For this exercise, write out the full listing that follows exactly and skip its pictures.

> **Information supplied**
---------------

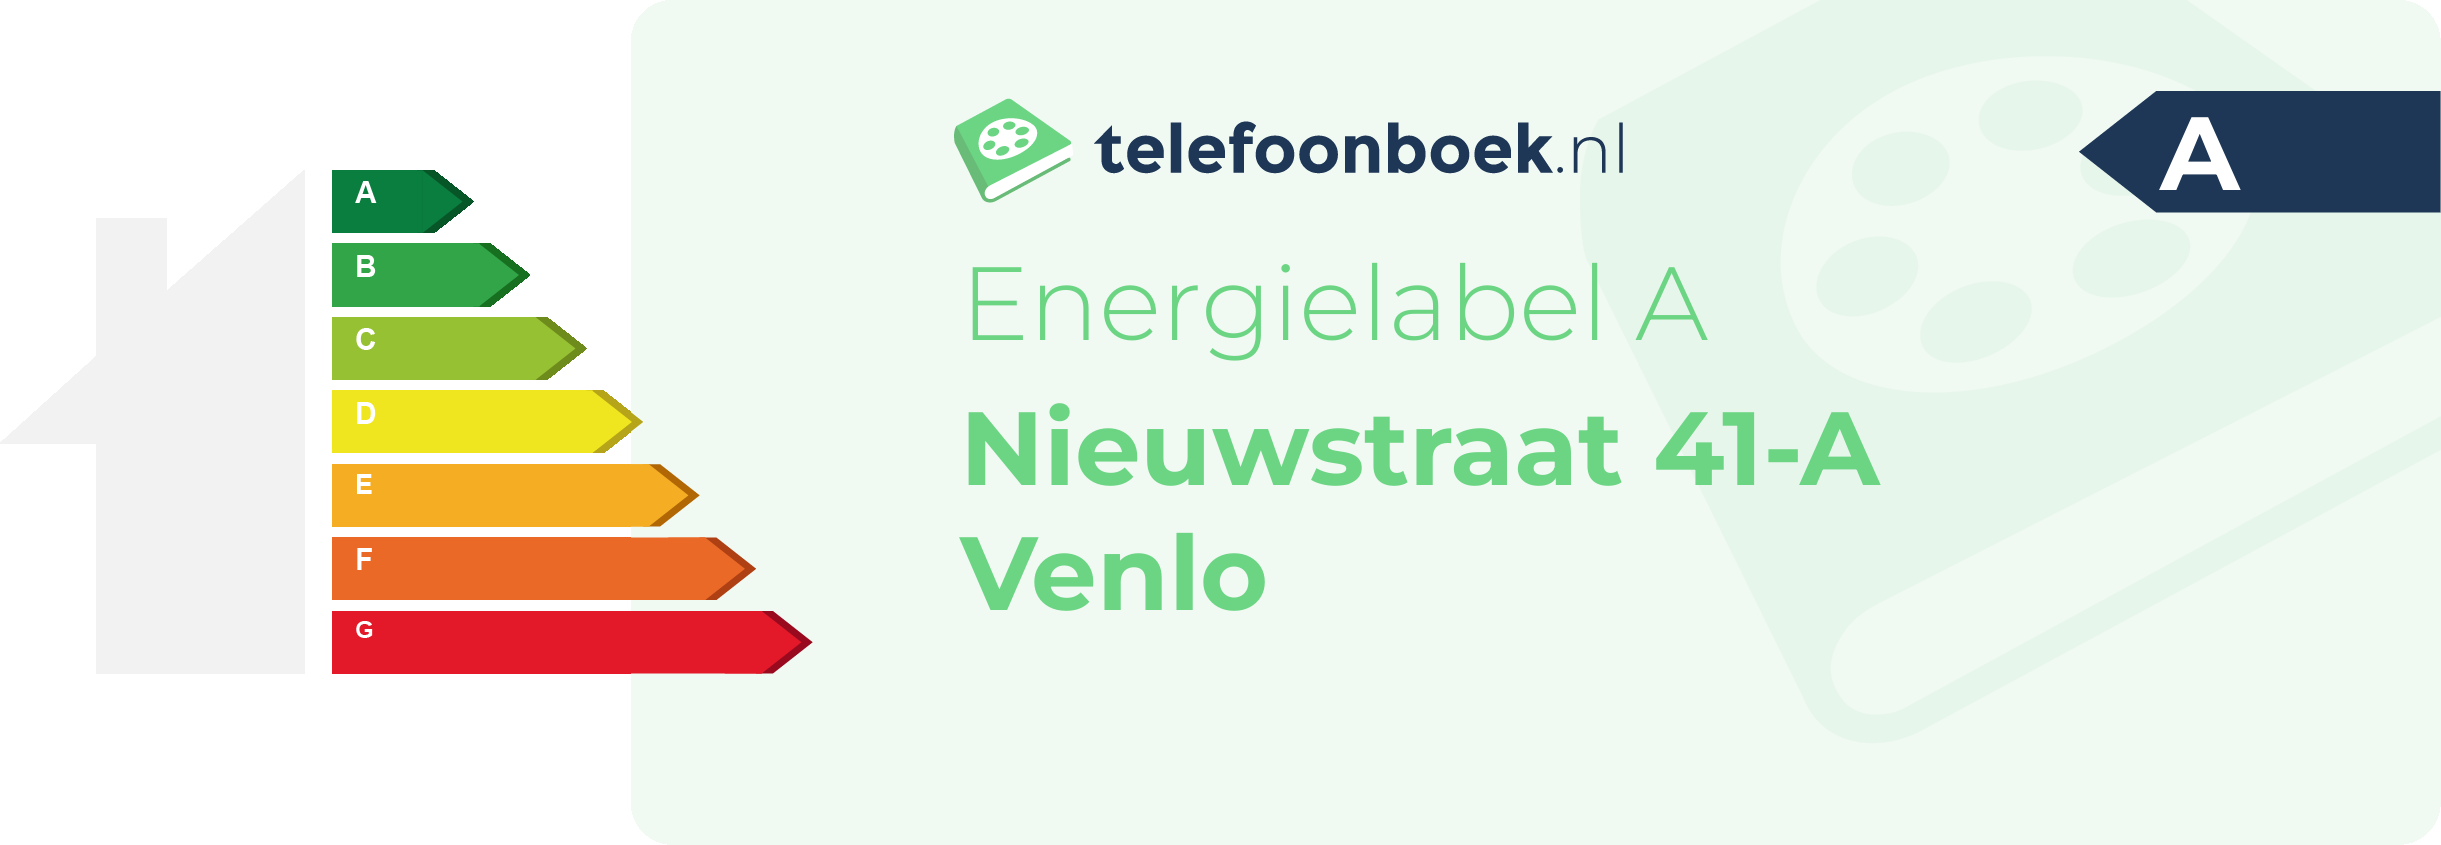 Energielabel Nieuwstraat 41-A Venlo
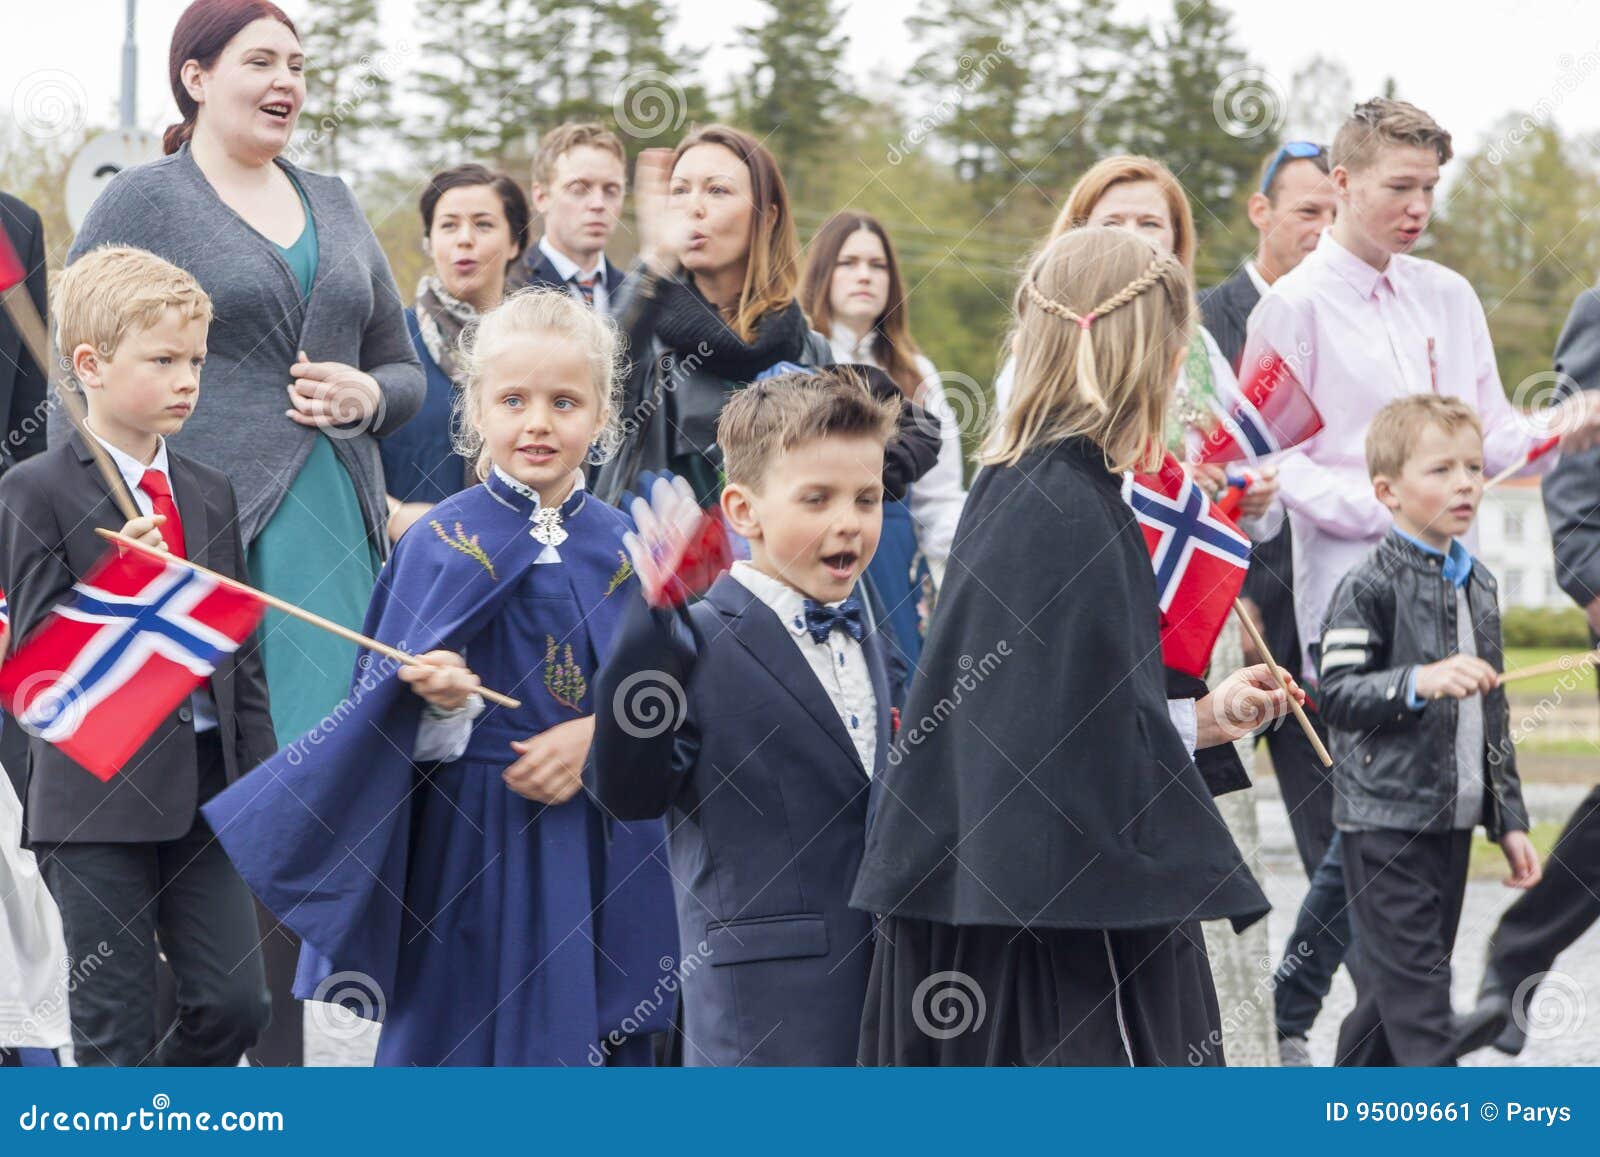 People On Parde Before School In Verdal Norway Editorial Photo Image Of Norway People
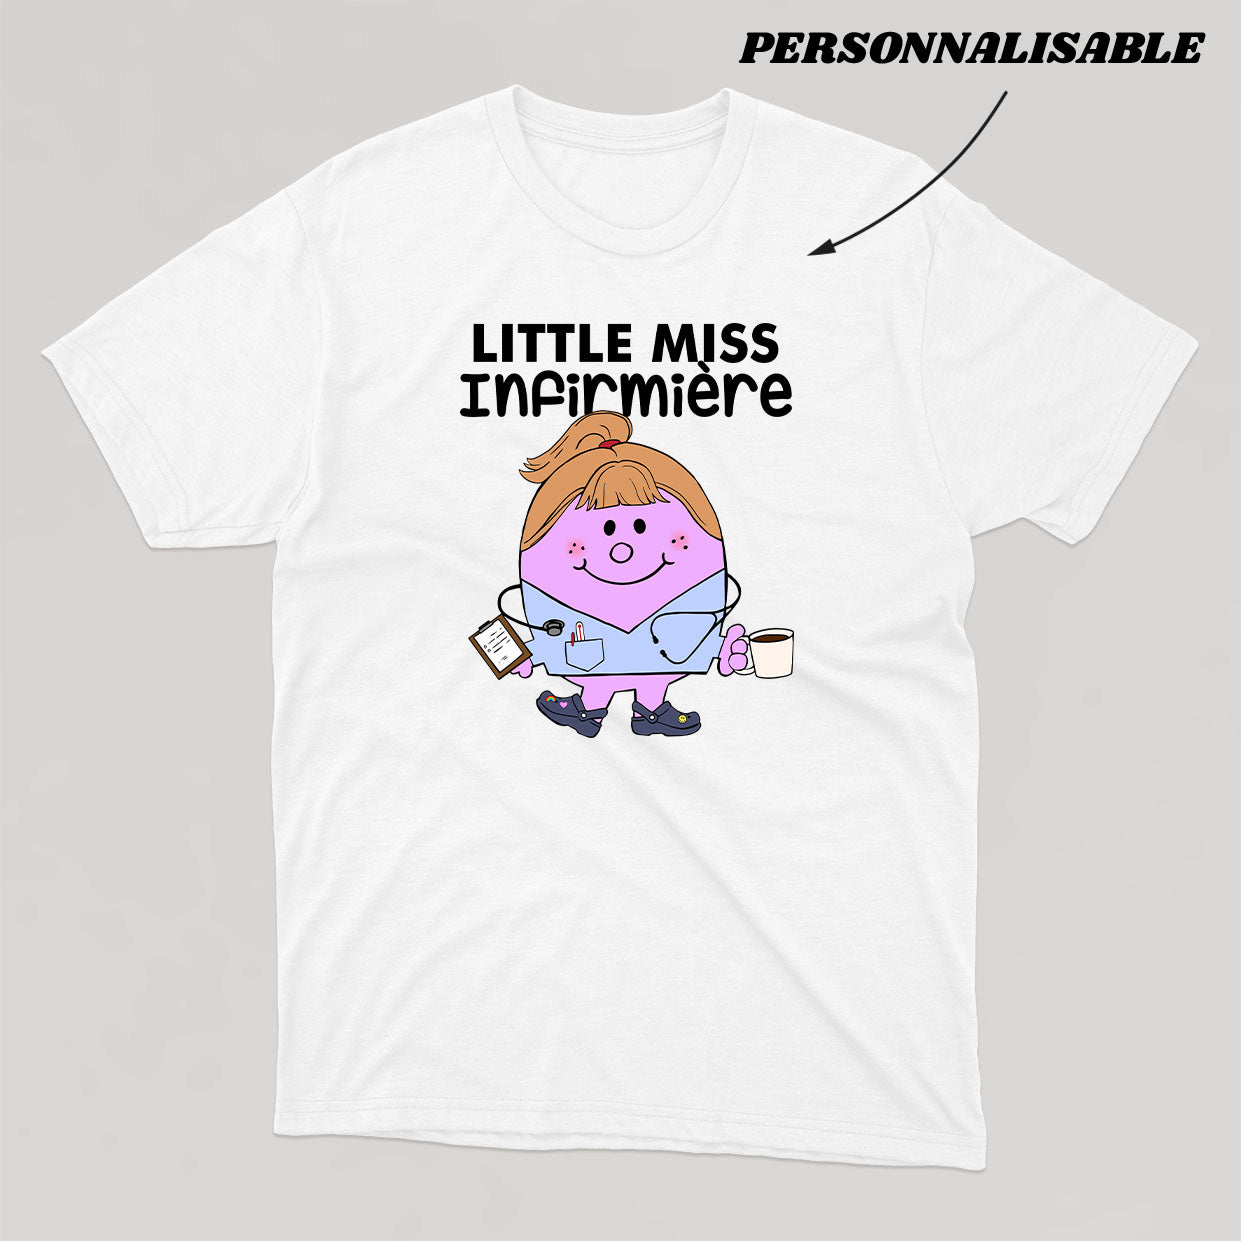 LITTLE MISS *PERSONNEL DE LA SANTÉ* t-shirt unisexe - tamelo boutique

---------------

> **Exercise answer**
 Energielabel Nieuwstraat 41-A Venlo
 People On Parde Before School In Verdal Norway Editorial Photo Image Of Norway People
 LITTLE MISS *PERSONNEL DE LA SANTÉ* t-shirt unisexe - tamelo boutique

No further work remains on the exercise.